Re: [PATCH 0/4] Rework NVMe abort handling

From: James Smart <james.smart@broadcom.com>
To: Johannes Thumshirn <jthumshirn@suse.de>, Christoph Hellwig <hch@lst.de>
Cc: Sagi Grimberg <sagi@grimberg.me>,
	Keith Busch <keith.busch@intel.com>,
	Hannes Reinecke <hare@suse.de>, Ewan Milne <emilne@redhat.com>,
	Max Gurtovoy <maxg@mellanox.com>,
	Linux NVMe Mailinglist <linux-nvme@lists.infradead.org>,
	Linux Kernel Mailinglist <linux-kernel@vger.kernel.org>
Subject: Re: [PATCH 0/4] Rework NVMe abort handling
Date: Thu, 19 Jul 2018 08:00:01 -0700	[thread overview]
Message-ID: <d8da8faf-187e-6e19-7162-d6b5caddb563@broadcom.com> (raw)
In-Reply-To: <20180719141025.yveza2svhvc2r4lw@linux-x5ow.site>

On 7/19/2018 7:10 AM, Johannes Thumshirn wrote:
> On Thu, Jul 19, 2018 at 03:42:03PM +0200, Christoph Hellwig wrote:
>> Without even looking at the code yet:  why?  The nvme abort isn't
>> very useful, and due to the lack of ordering between different
>> queues almost harmful on fabrics.  What problem do you try to
>> solve?
> The problem I'm trying to solve here is really just single commands
> timing out because of i.e. a bad switch in between which causes frame
> loss somewhere.
>
> I know RDMA and FC are defined to be lossless but reality sometimes
> has a different view on this (can't talk too much for RDMA but I've
> had some nice bugs in SCSI due to faulty switches dropping odd
> frames).
>
> Of cause we can still do the big hammer if one command times out due
> to a misbehaving switch but we can also at least try to abort it. I
> know aborts are defined as best effort, but as we're in the error path
> anyways it doesn't hurt to at least try.
>
> This would give us a chance to recover from such situations, of cause
> given the target actually does something when receiving an abort.
>
> In the FC case we can even send an ABTS and try to abort the command
> on the FC side first, before doing it on NVMe. I'm not sure if we can
> do it on RDMA or PCIe as well.
>
> So the issue I'm trying to solve is easy, if one command times out for
> whatever reason, there's no need to go the big transport reset route
> before not even trying to recover from it. Possibly we should also try
> doing a queue reset if aborting failed before doing the transport
> reset.
>
> Byte,
> 	Johannes

I'm with Christoph.

It doesn't work that way... command delivery is very much tied to any 
command ordering delivery requirements as well as sqhd increment on the 
target, and response delivery is tied similarly tied to sqhd delivery to 
the host as well as ordering requirements on responses. With aborts as 
you're implementing, you drop those things.  Granted, Linux's lack of 
paying attention to SQHD (a problem waiting to happen in my mind) as 
well as not using fused commands (and no other commands yet requiring 
order) make it believe it can get away without it.

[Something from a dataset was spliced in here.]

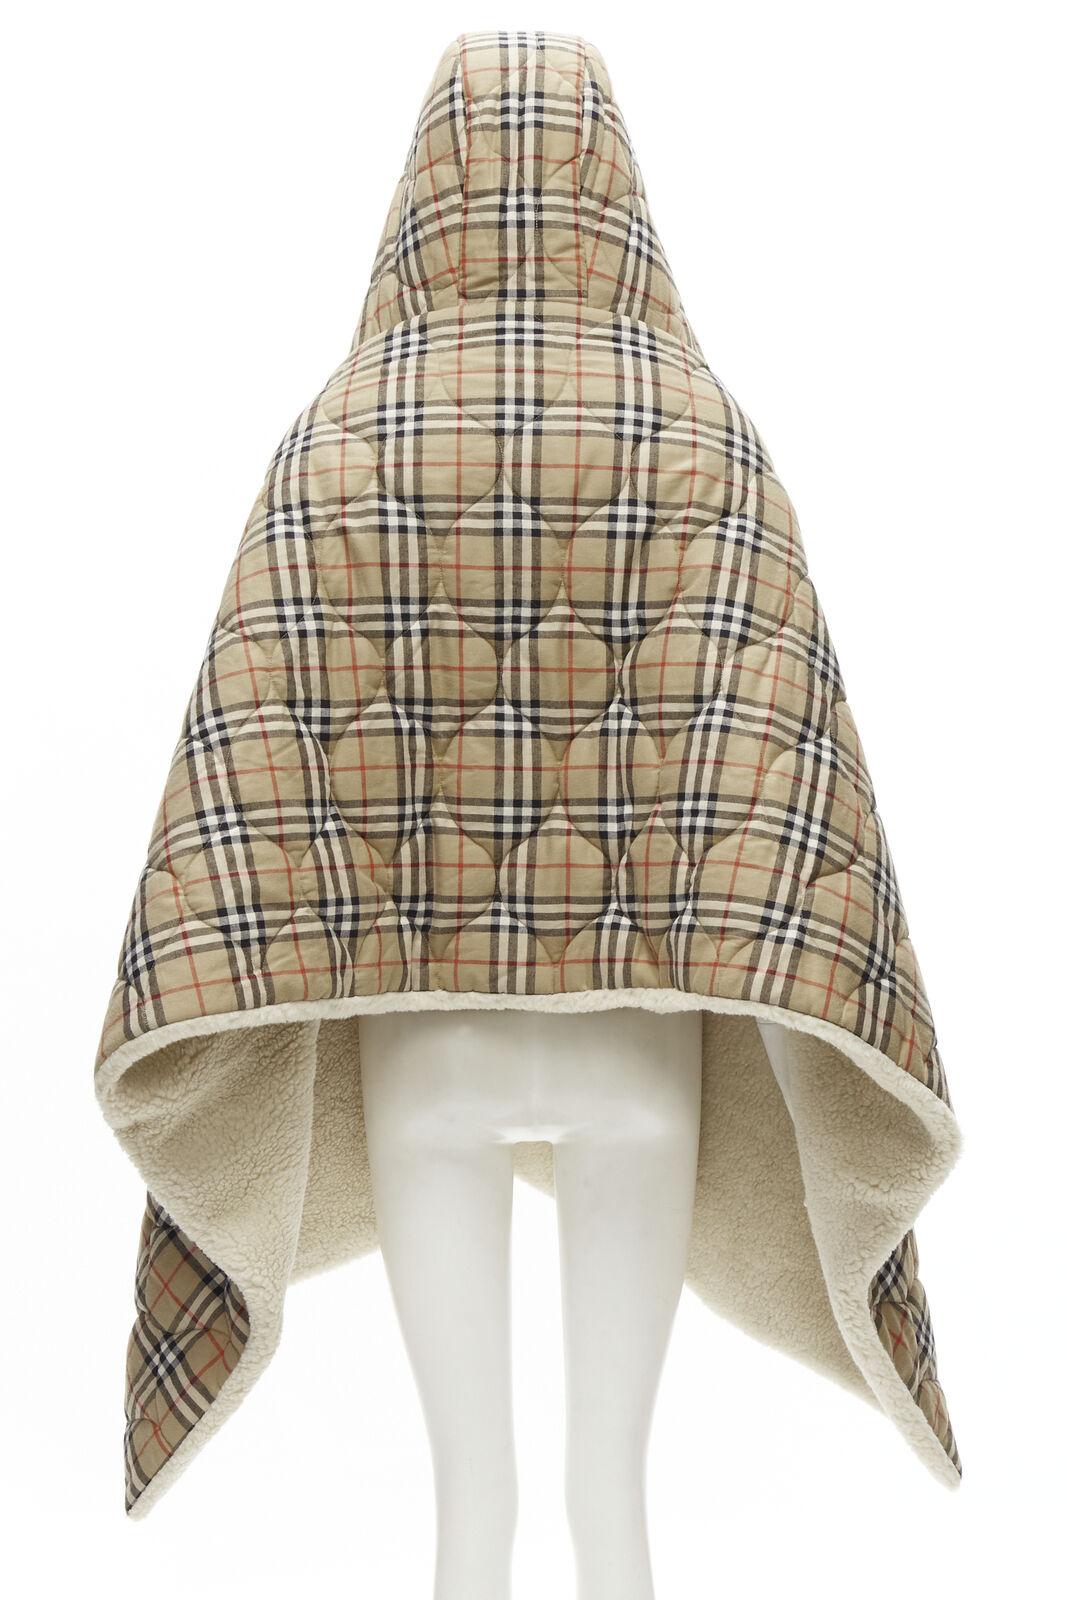 new BURBERRY RICCARDO TISCI Check flannel fleece hooded padded stole shawl 6

You're going to confuse transports as there's no understanding in the 
transport protocol on what it means to abort/cancel a single io.   The 
specs are rather clear, and for a good reason, that non-delivery (the 
abort or cancellation) mandates connection teardown which in turn 
mandates association teardown. You will be creating non-standard 
implementations that will fail interoperability and compliance.

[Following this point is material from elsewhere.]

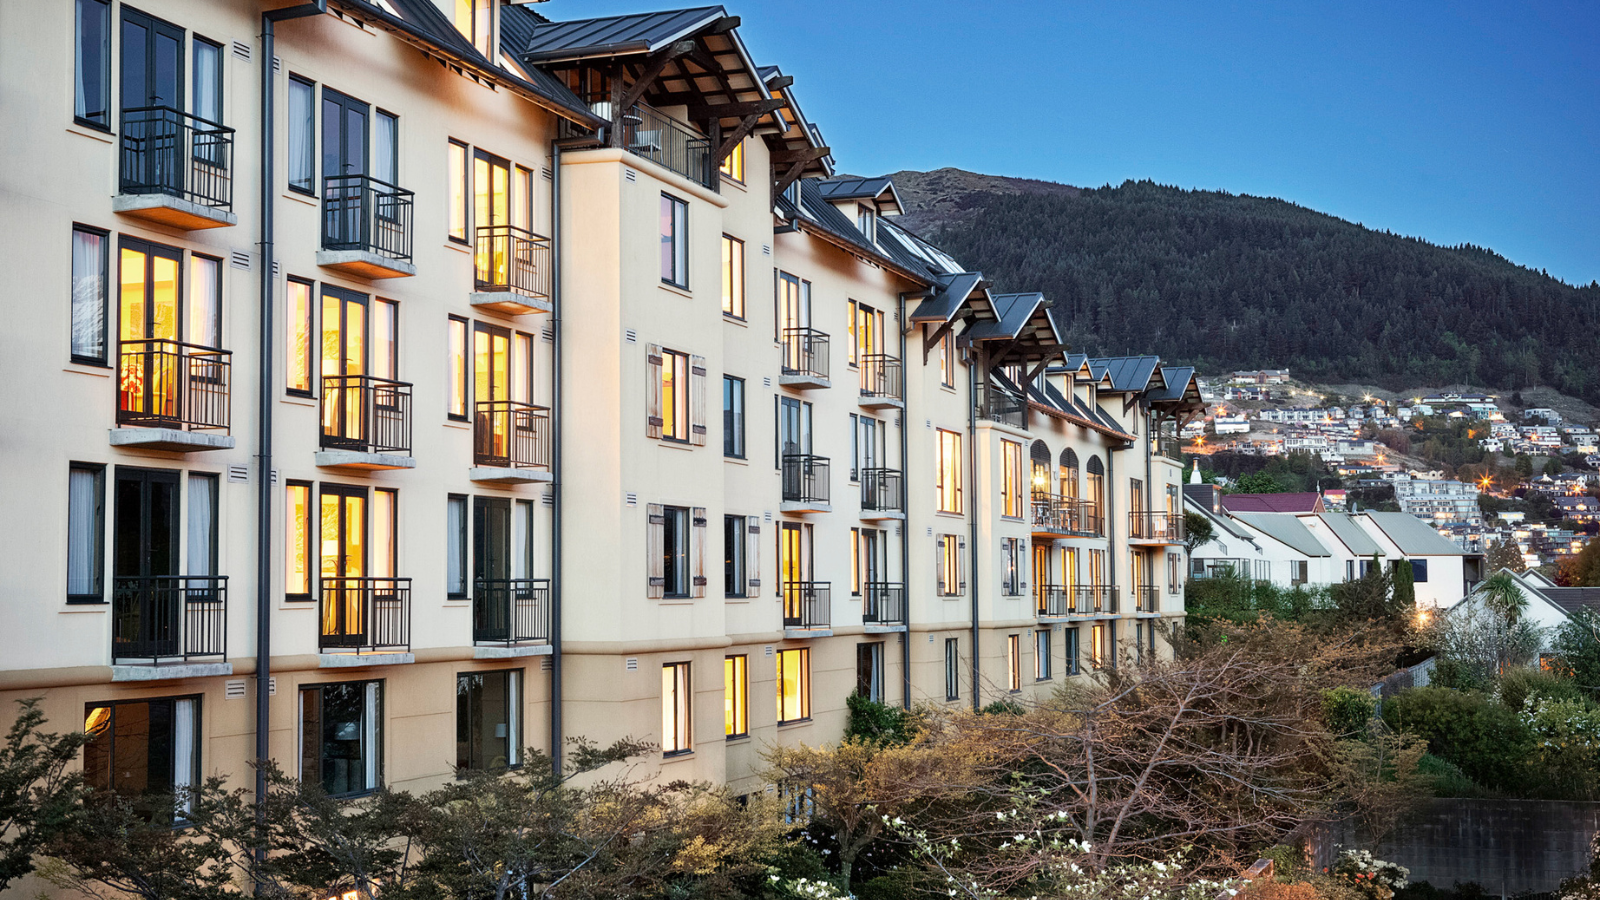 Hotel St Moritz Queenstown - MGallery has already achieved gold certification under Qualmark’s GSTC-recognised standards for sustainable tourism businesses.

If you really want single io abort - implement it in the NVMe standard 
way with Aborts to the admin queue, subject to the ACL limit.  Then push 
on the targets to support deep ACL counts and honestly responding to 
ABORT, and there will still be race conditions between the ABORT and its 
command that will make an interesting retry policy. Or, wait for Fred 
Knights, new proposal on ABORTS.

-- james